Need help with 2 probability questions

[sammybones]

Hey, thanks for reading.

This is the first one I'm stuck on.

Given P(A) = 0.13, P(B) = 0.02 and P(A or B) = 0.15, are events A and B mutually exclusive?

My answer would be no, because their sum is not .15, which I think relates to whether they're exclusive or not. (We did not go over this much).

The second one

Given P(E or F) = 0.58, P(F) = 0.12, and P(E and F) = 0.02, what is P(E)?

This one I am very stuck on, my educated guess would be .568, but I do not know where to begin.

I would very much appreciate some guidance, thank you!

 

[Romsek]

If the two events are mutually exclusive then [MATH]P[A \cap B]=0[/MATH]
[MATH]P[A \cup B] = P[A]+P[ B ]-P[A \cap B] [/MATH] (you should know this formula by heart! learn it!)

[MATH]P[A \cap B] = P[A \cup B] - P[A] - P[ B ][/MATH]
So are the two mutually exclusive?


For the second question use the same formula above.

[MATH]P[E \cup F] = P[E]+P[F]-P[E \cap F][/MATH]
and solve for [MATH]P[E][/MATH]

 

[sammybones]

If the two events are mutually exclusive then [MATH]P[A \cap B]=0[/MATH]
[MATH]P[A \cup B] = P[A]+P[ B ]-P[A \cap B] [/MATH]
[MATH]P[A \cap B] = P[A \cup B] - P[A] - P[ B ][/MATH]
So are the two mutually exclusive?


For the second question use the same formula above.

[MATH]P[E \cup F] = P[E]+P[F]-P[E \cap F][/MATH]
and solve for [MATH]P[E][/MATH]

So they would not be mutually exclusive because their sum is not 0. Thank you for clarifying.

The second one would then be .58 = .48 + .12 - 0.02 ? So P(E) = .48?

 

[Dr.Peterson]

Hey, thanks for reading.

This is the first one I'm stuck on.

Given P(A) = 0.13, P(B) = 0.02 and P(A or B) = 0.15, are events A and B mutually exclusive?

My answer would be no, because their sum is not .15, which I think relates to whether they're exclusive or not. (We did not go over this much).

Check your addition!
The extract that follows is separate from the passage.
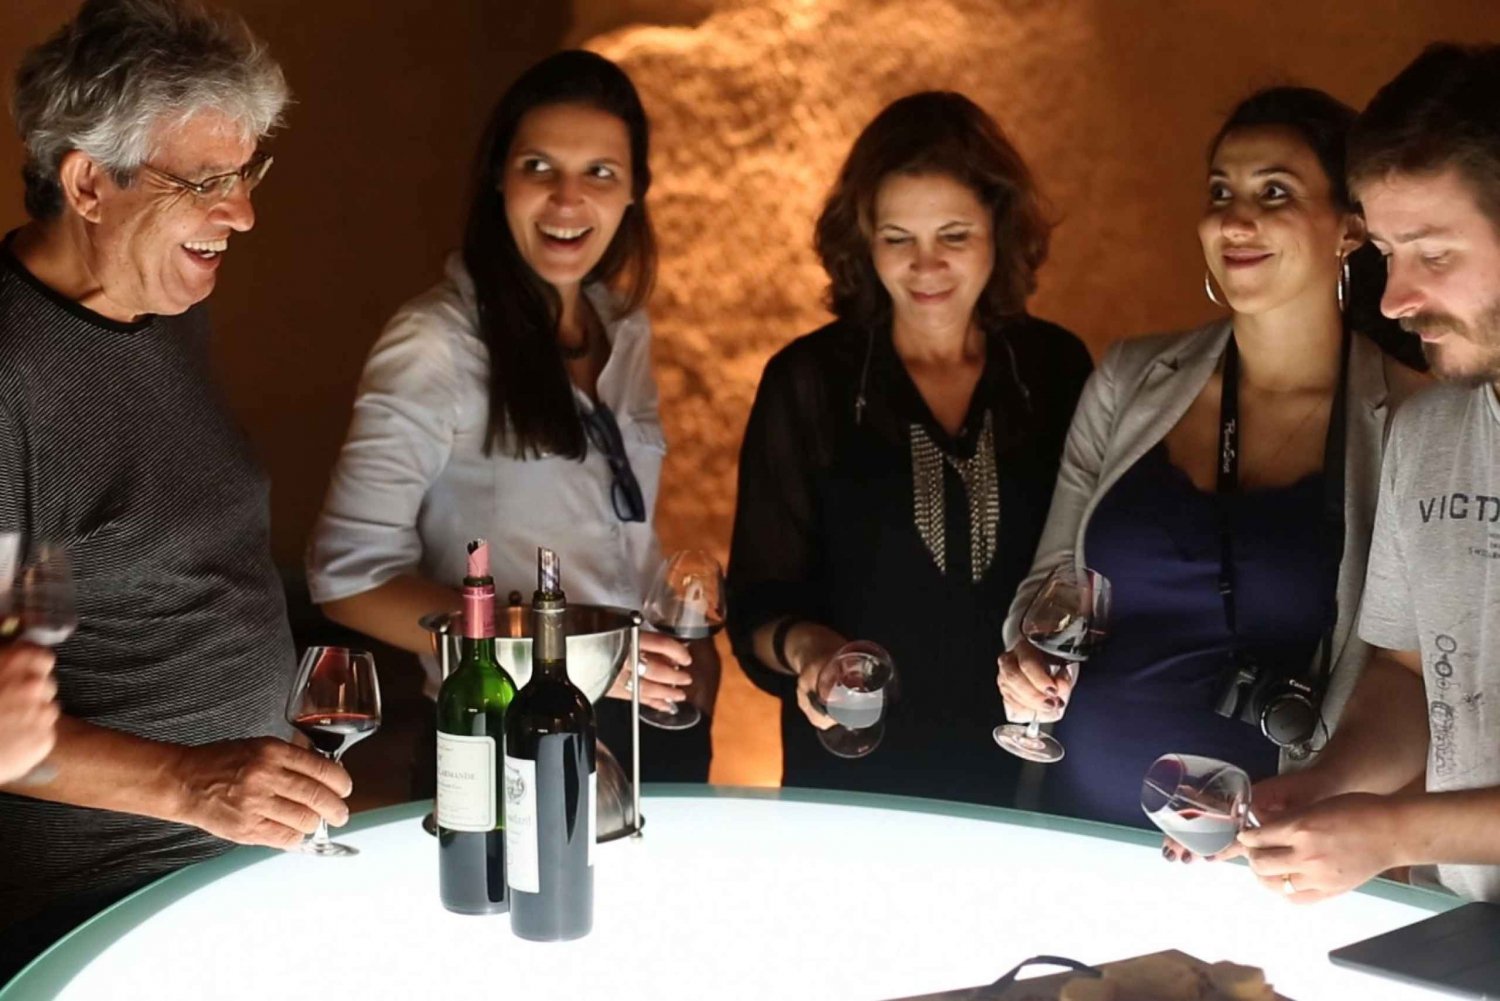 Bordeaux: Médoc & St-Emilion Wine Regions Tour with Tastings

I thought that 0.13 + 0.02 = 0.15, but you seem to be saying it isn't.

The second one

Given P(E or F) = 0.58, P(F) = 0.12, and P(E and F) = 0.02, what is P(E)?

This one I am very stuck on, my educated guess would be .568, but I do not know where to begin.

Did you write the equation corresponding to P(E or F) = P(E) + P(F) - P(E and F)? Just fill it in and solve.

 

[sammybones]

Check your addition! I thought that 0.13 + 0.02 = 0.15, but you seem to be saying it isn't.


Did you write the equation corresponding to P(E or F) = P(E) + P(F) - P(E and F)? Just fill it in and solve.

Oh right mixed up .02 and .2 thinking it would add .20. They aren't mutually exclusive!

And yes in my reply to Romsek I did. I believe I've got the right answer .48

 

[Steven G]

I'll ask the question differently. If 0.13 + 0.02 is not 0.15 then what is it?

 

[sammybones]

I'll ask the question differently. If 0.13 + 0.02 is not 0.15 then what is it?

It is .15, I have not worked with decimals in a year and a half and we just started probability. Small mistake

 

[Steven G]

It is .15, I have not worked with decimals in a year and a half and we just started probability. Small mistake

You need to think about it in ways that you are familiar with! You know that 13 cents + 2 cents is 15 cents. You also know that $0.13 is 13 cents and $0.02 is 2 cents. Small mistake??

 

[Romsek]

So they would not be mutually exclusive because their sum is not 0. Thank you for clarifying.

The second one would then be .58 = .48 + .12 - 0.02 ? So P(E) = .48?

yes